[YOUR ASSIGNMENT]: Exact repetition of a range: find the line containing "Signature Design by" and the line containing "Global Wheels &" in the material below, then repeat both and all lines between them, leaving pictures out.
++++ SOURCE DATA ++++
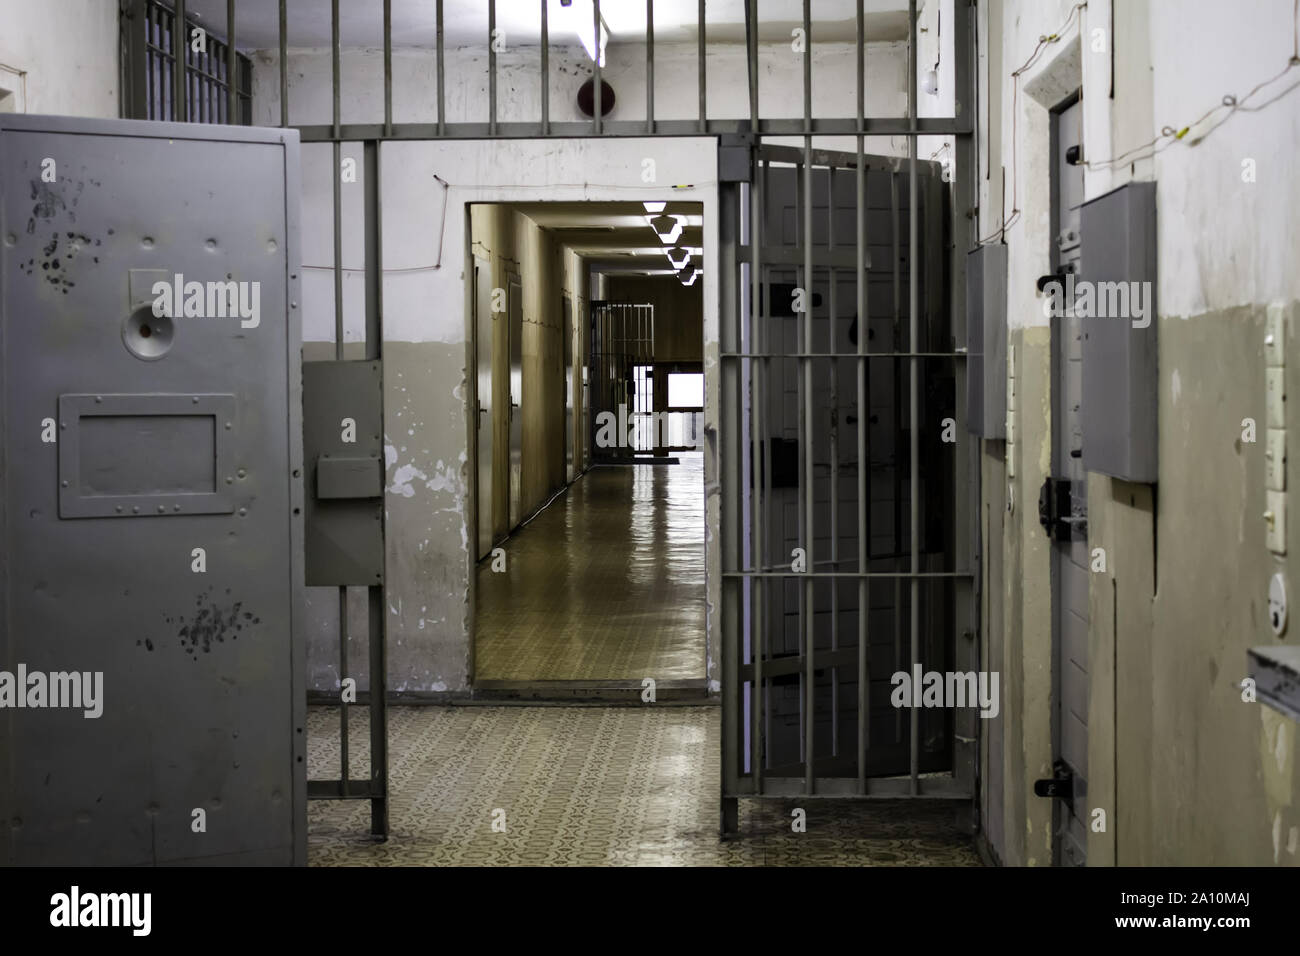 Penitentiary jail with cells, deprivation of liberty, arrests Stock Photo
++++
++++ SOURCE DATA ++++
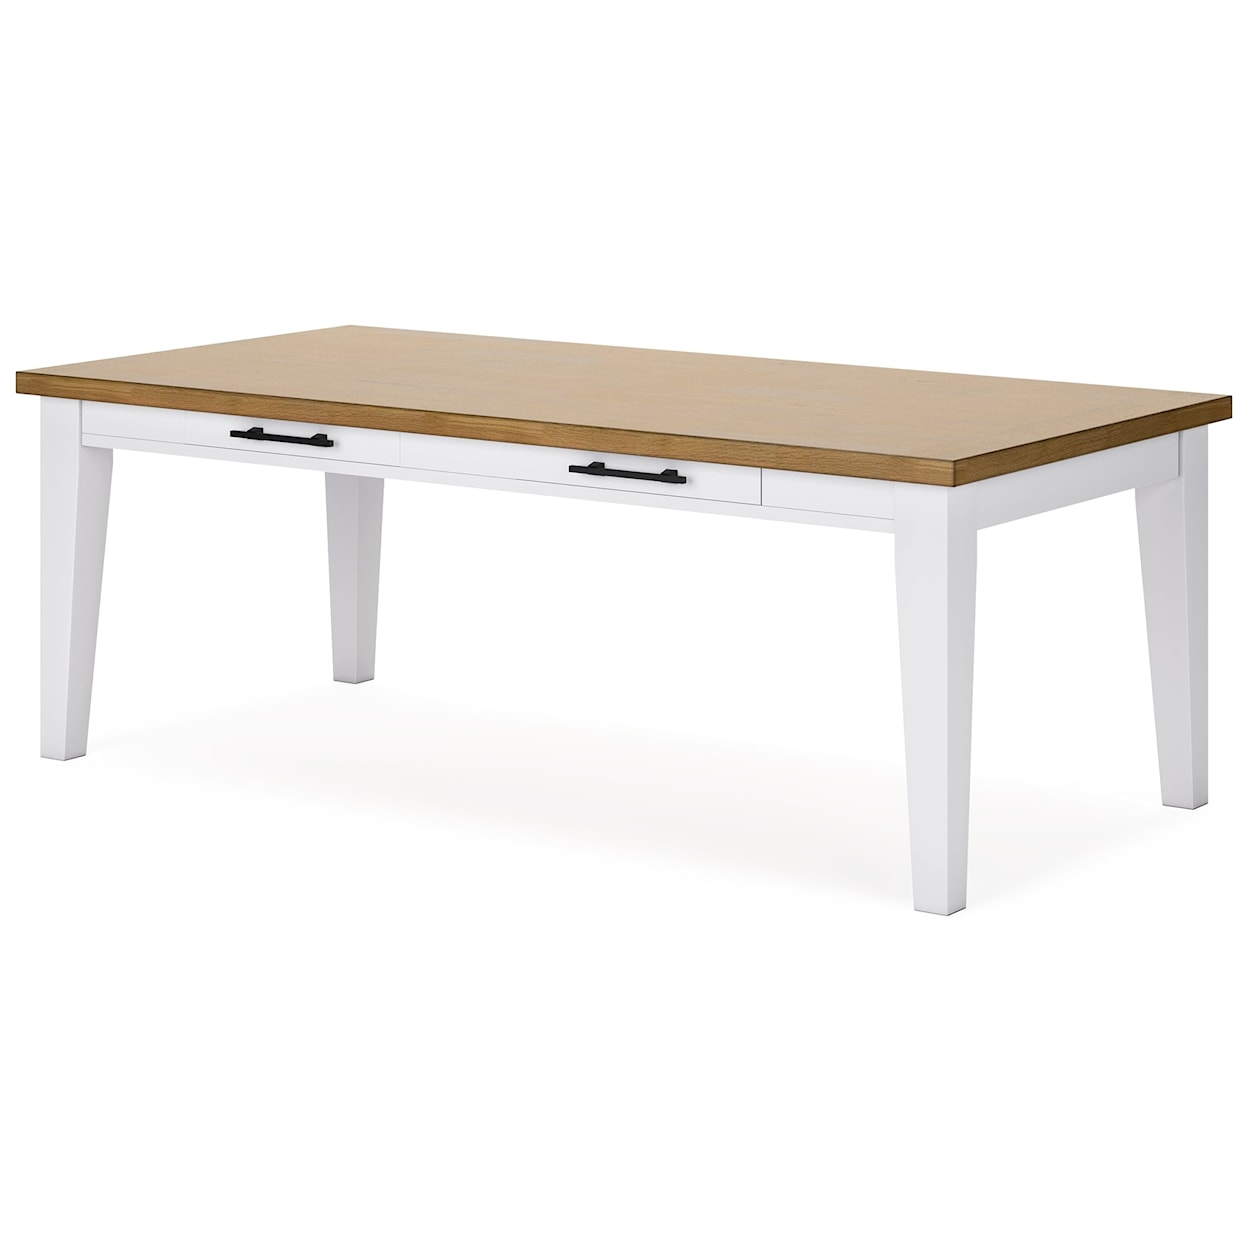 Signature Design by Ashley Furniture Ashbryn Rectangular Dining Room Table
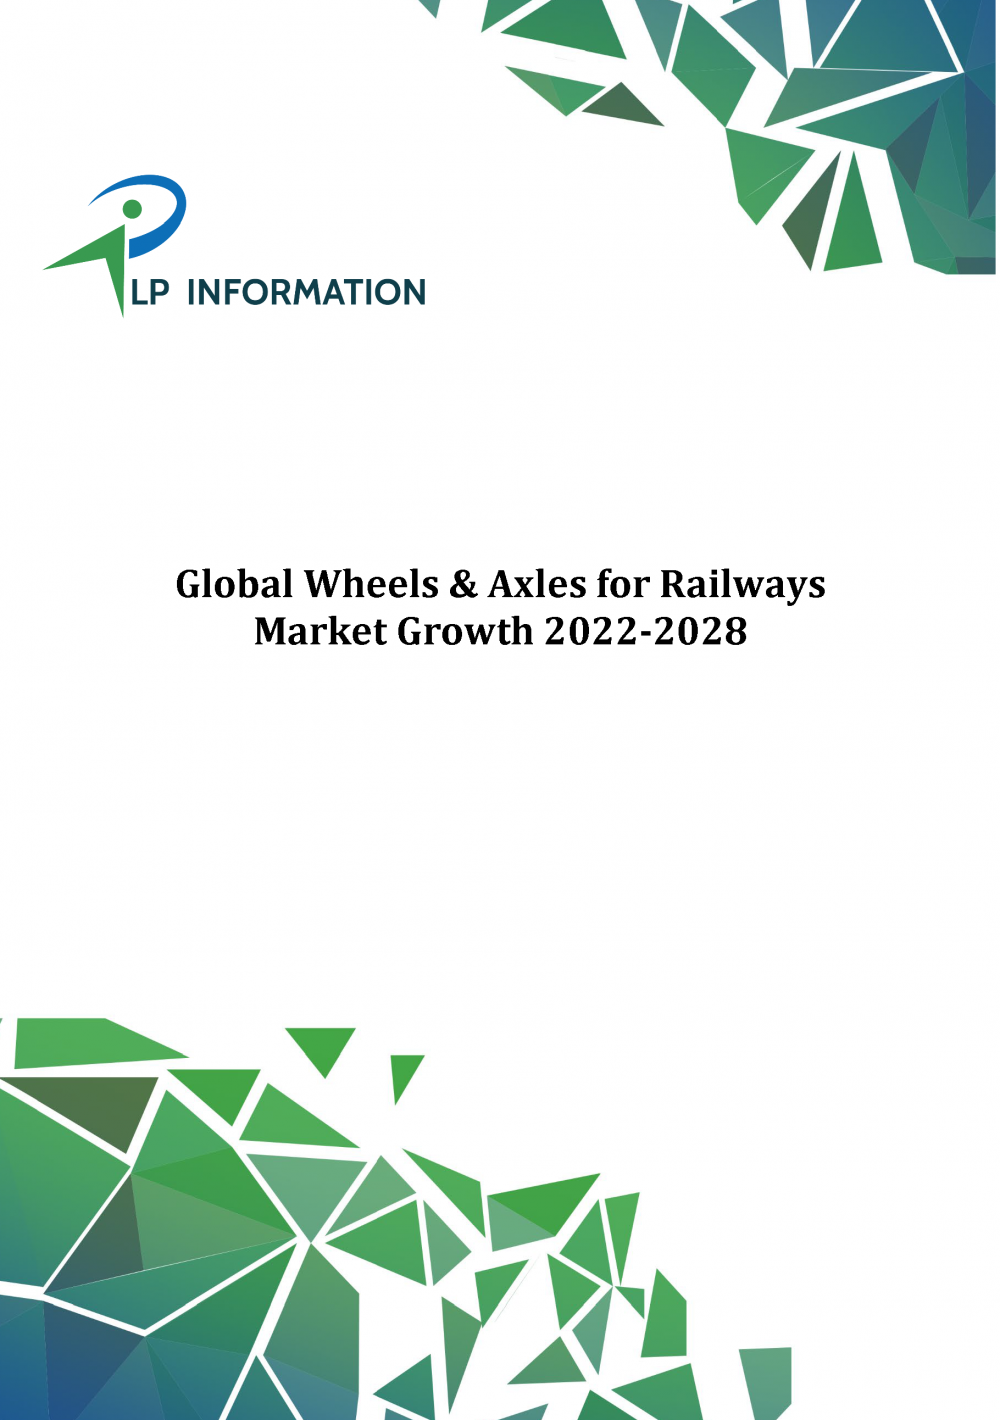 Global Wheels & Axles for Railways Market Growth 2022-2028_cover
++++
++++ SOURCE DATA ++++
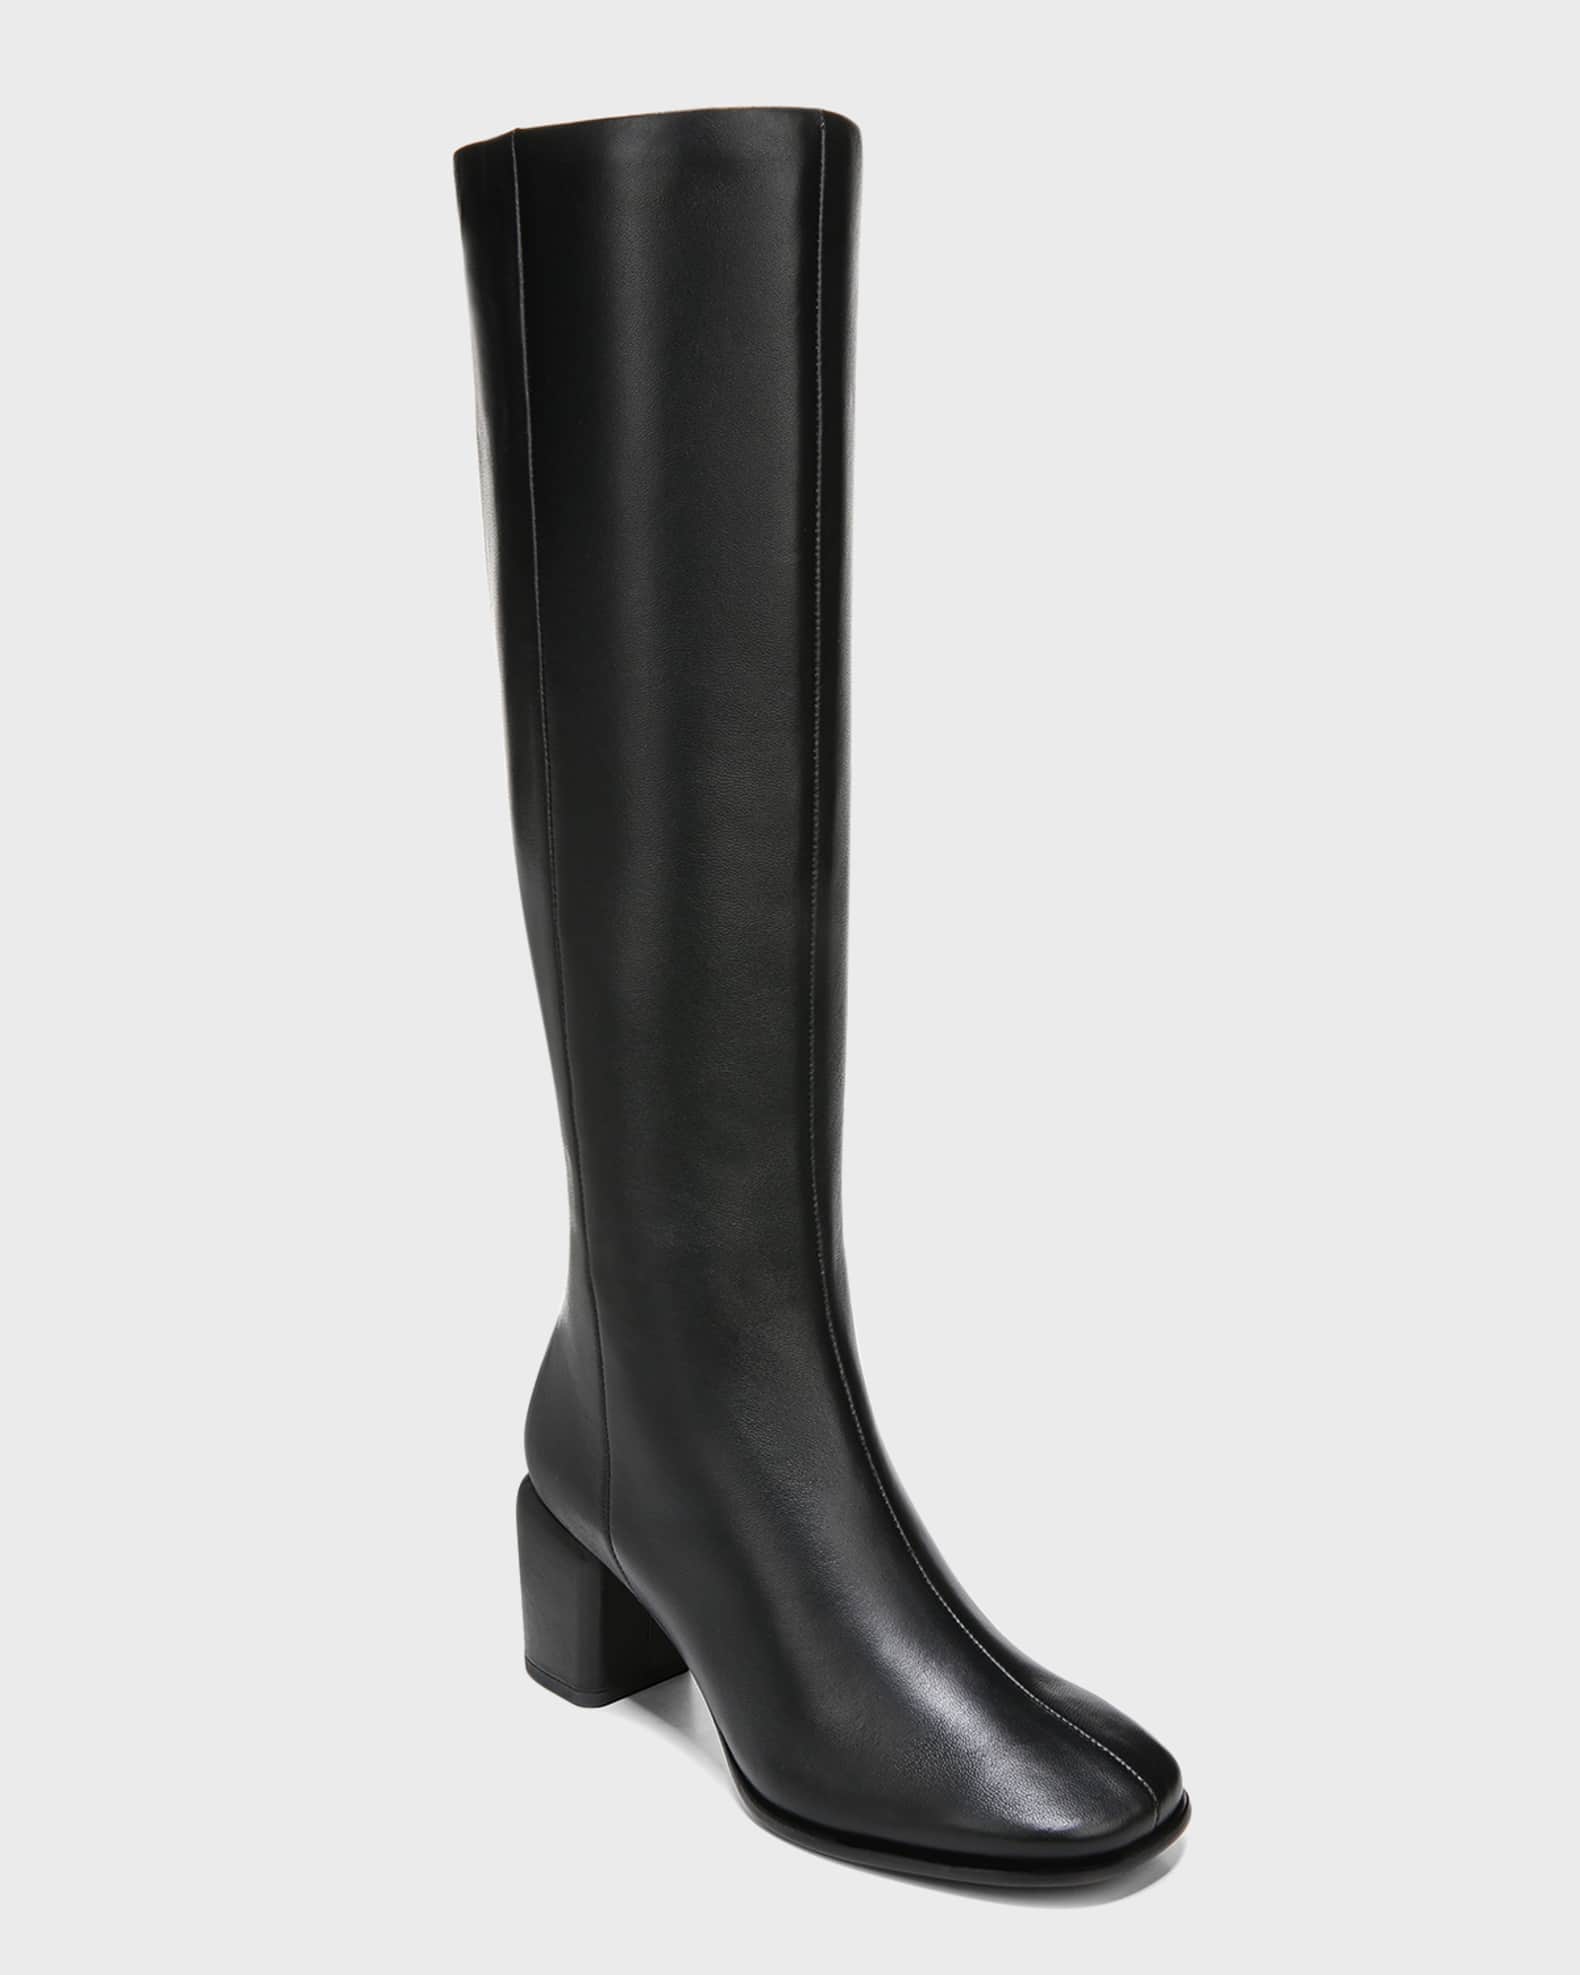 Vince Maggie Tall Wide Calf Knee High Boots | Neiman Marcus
++++
[ANSWER FOR THIS EXERCISE]:
 Signature Design by Ashley Furniture Ashbryn Rectangular Dining Room Table
 Global Wheels & Axles for Railways Market Growth 2022-2028_cover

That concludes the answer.